Exercise directions
Please leave out pictures and print exactly the lines from the one that has "Dossier : W1539.01.001" through the last line of the material below.

Dataset excerpt
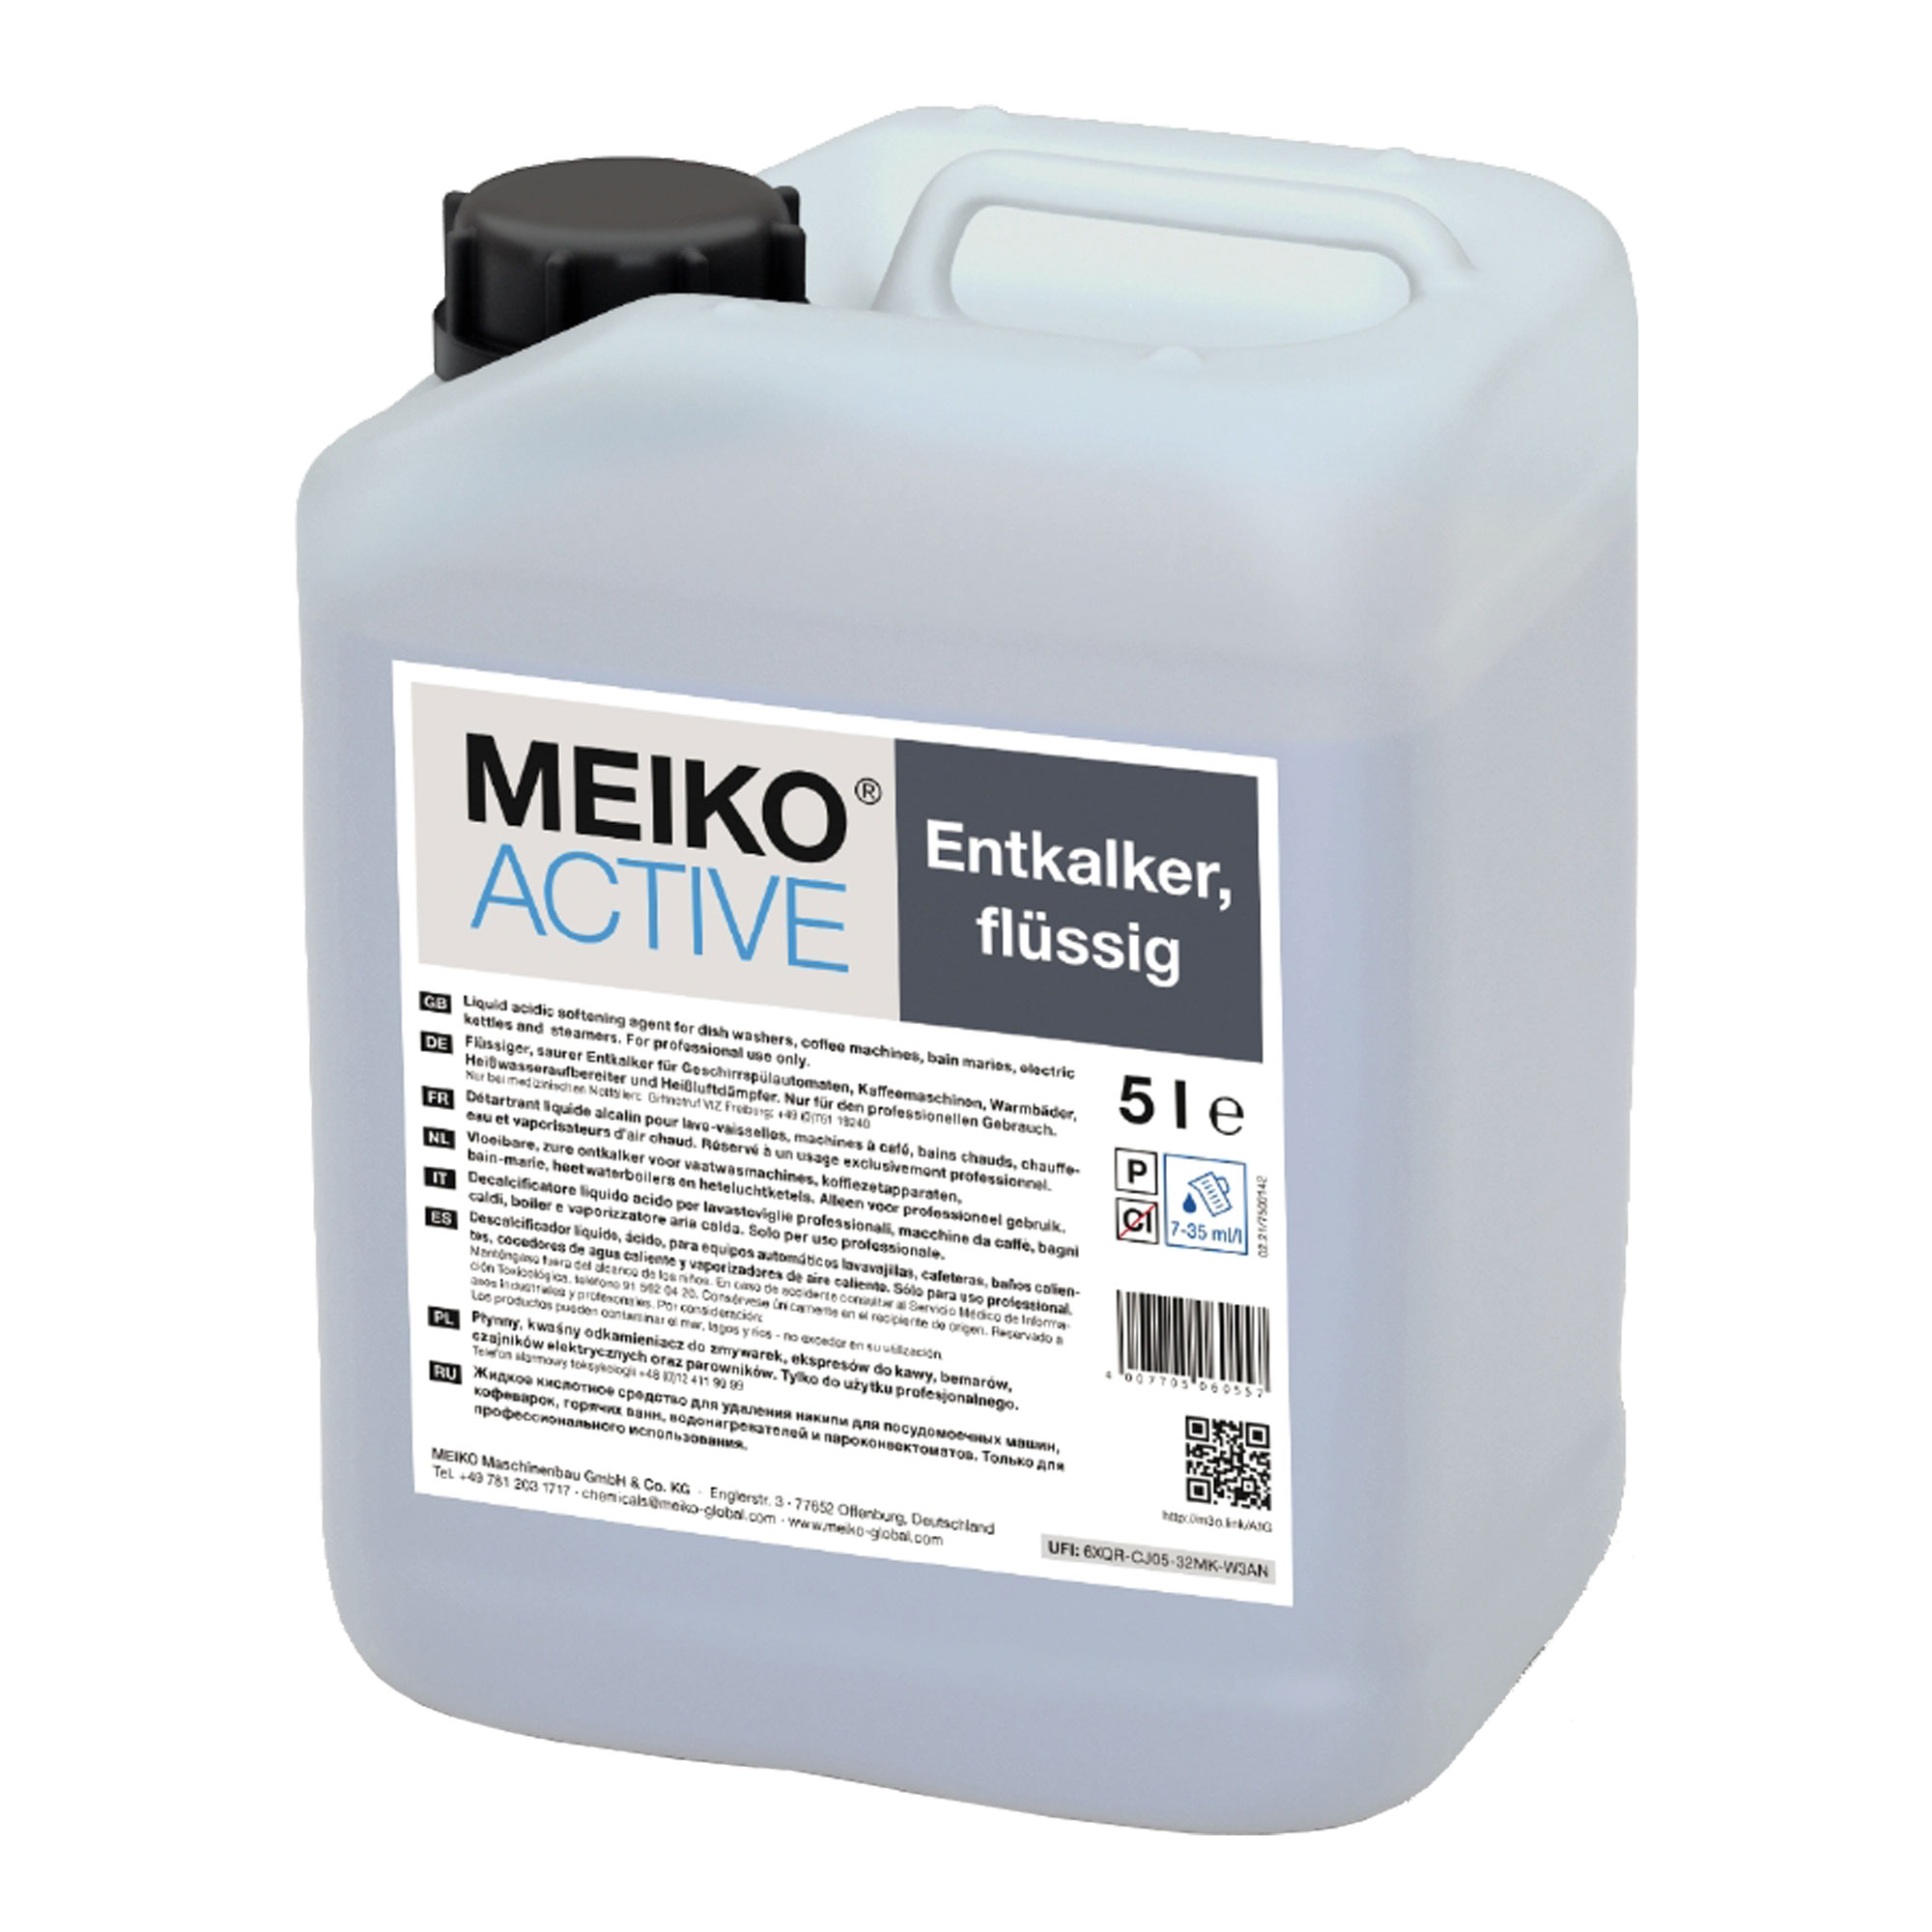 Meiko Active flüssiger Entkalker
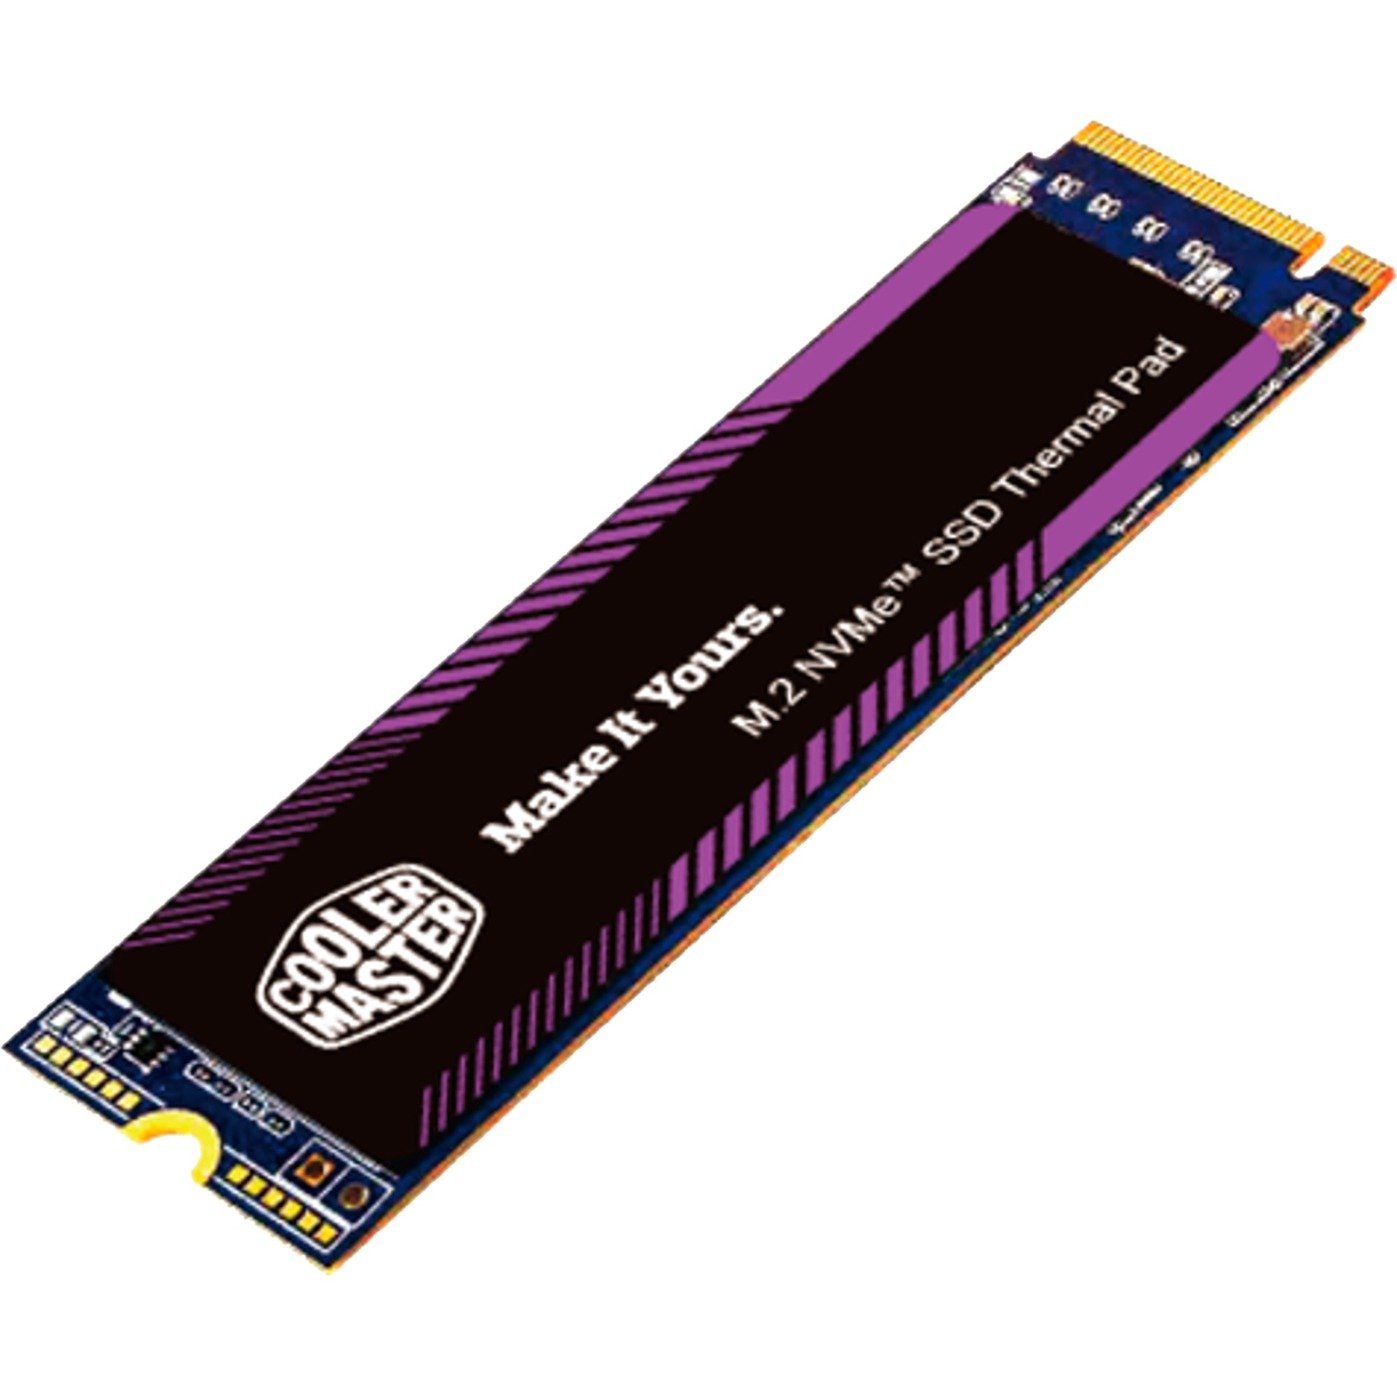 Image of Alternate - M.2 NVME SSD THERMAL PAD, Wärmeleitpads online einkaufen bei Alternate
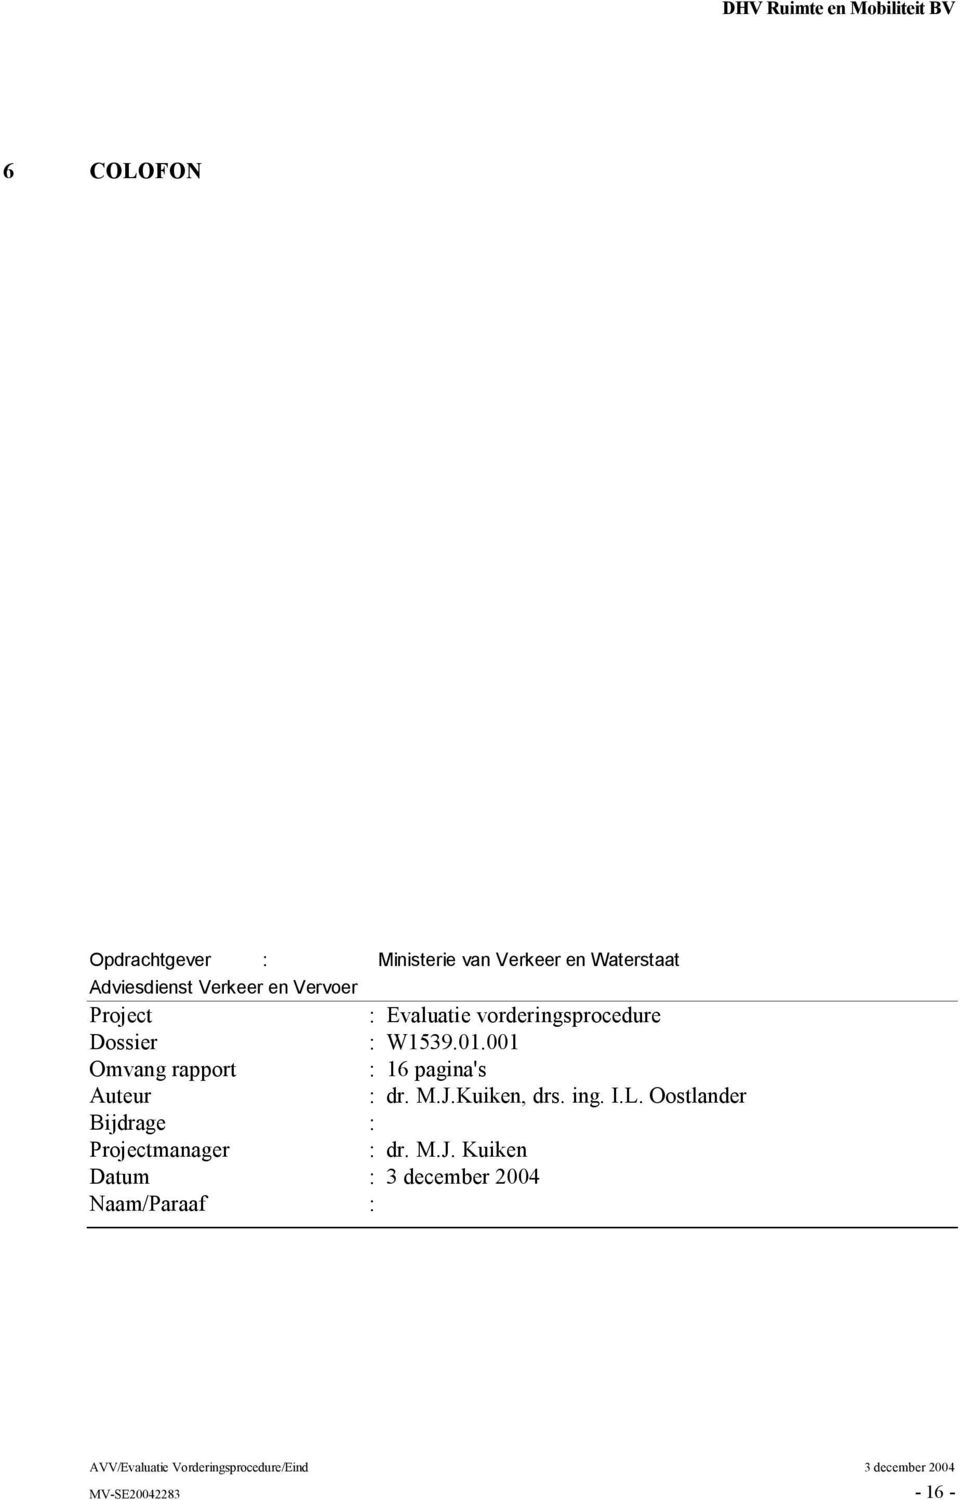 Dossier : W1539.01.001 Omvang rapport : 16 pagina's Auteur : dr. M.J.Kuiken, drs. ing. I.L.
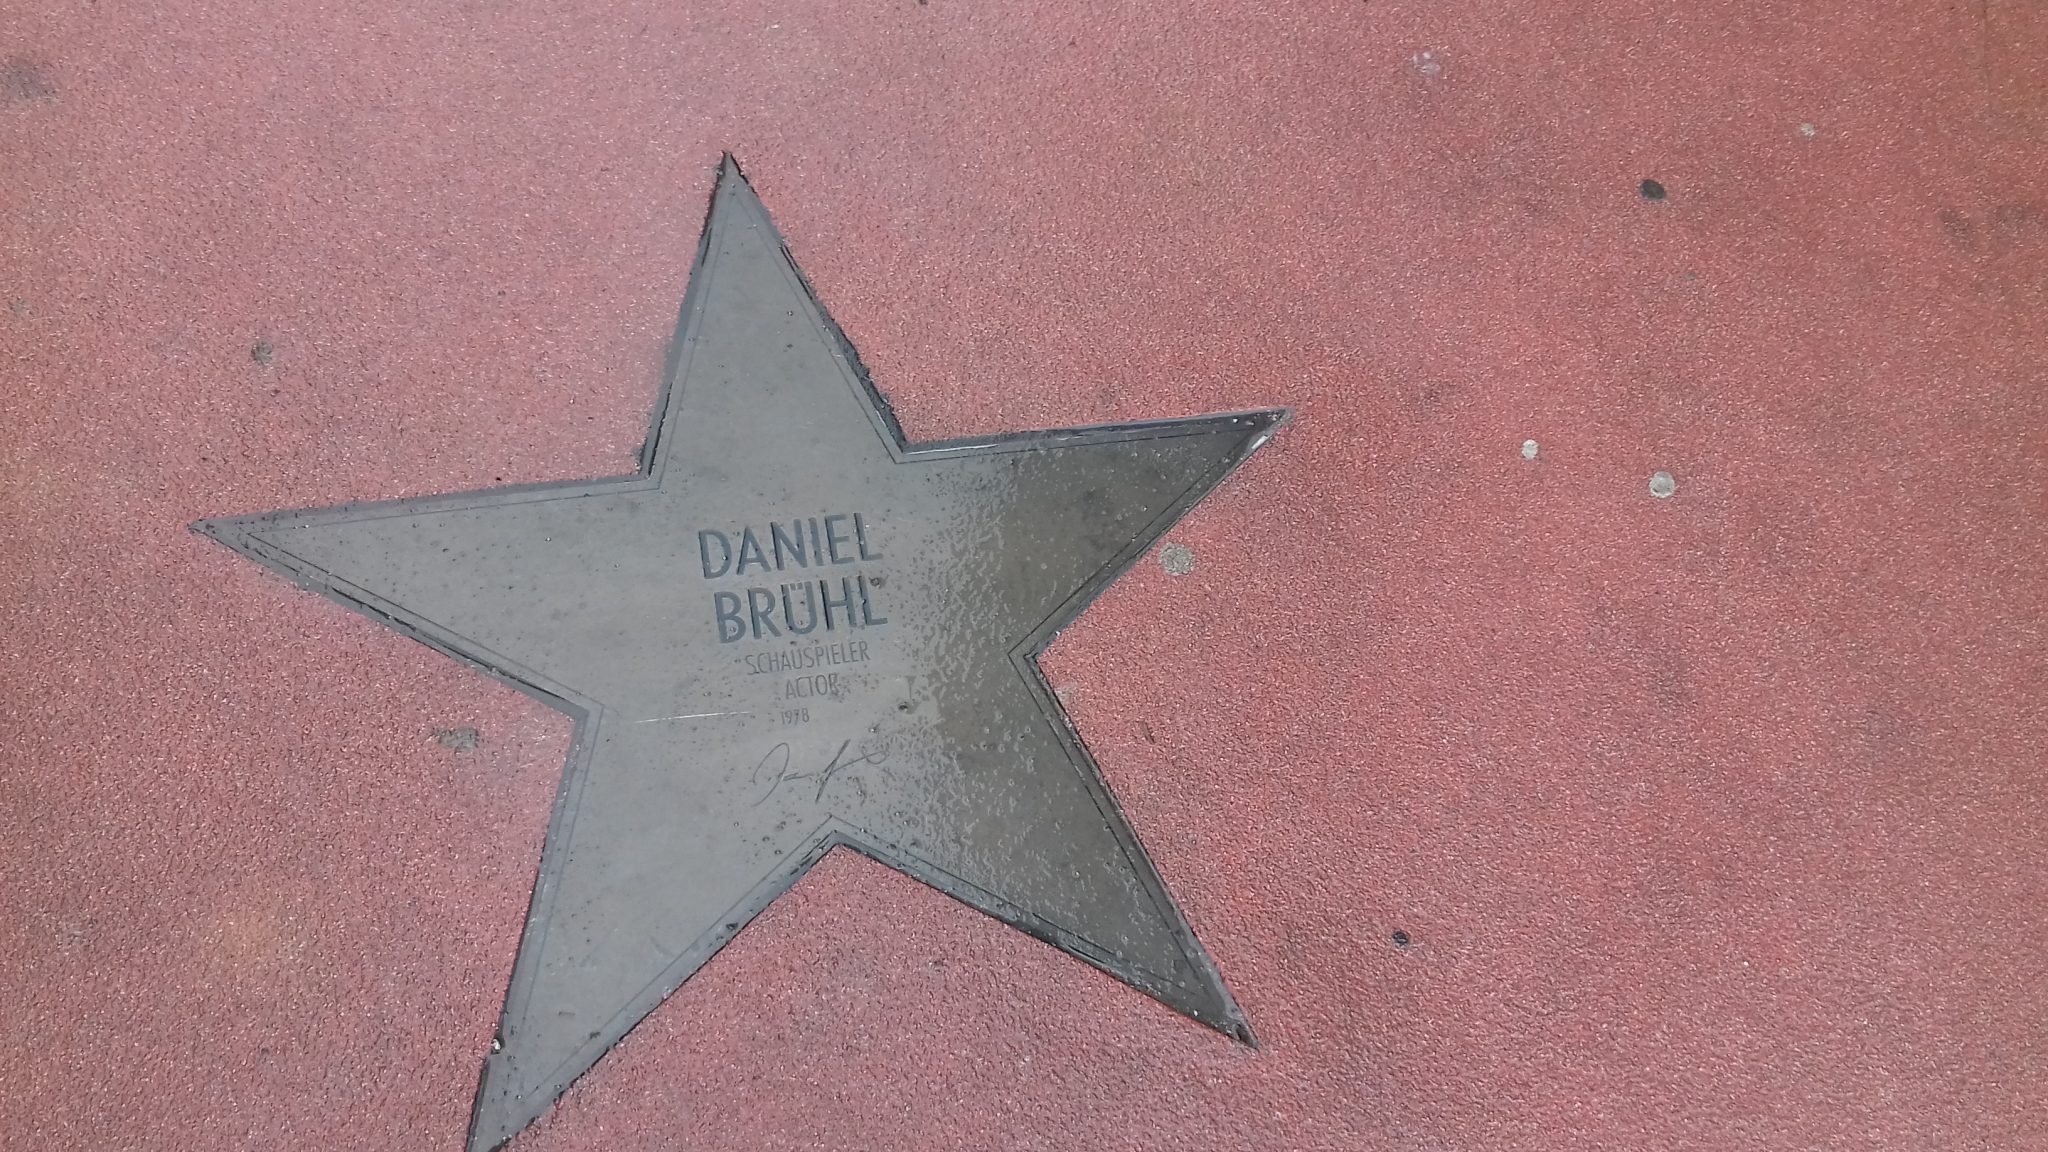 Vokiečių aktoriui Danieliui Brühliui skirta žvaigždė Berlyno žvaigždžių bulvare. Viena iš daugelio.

Task output
 Dossier : W1539.01.001 Omvang rapport : 16 pagina's Auteur : dr. M.J.Kuiken, drs. ing. I.L.
 Vokiečių aktoriui Danieliui Brühliui skirta žvaigždė Berlyno žvaigždžių bulvare. Viena iš daugelio.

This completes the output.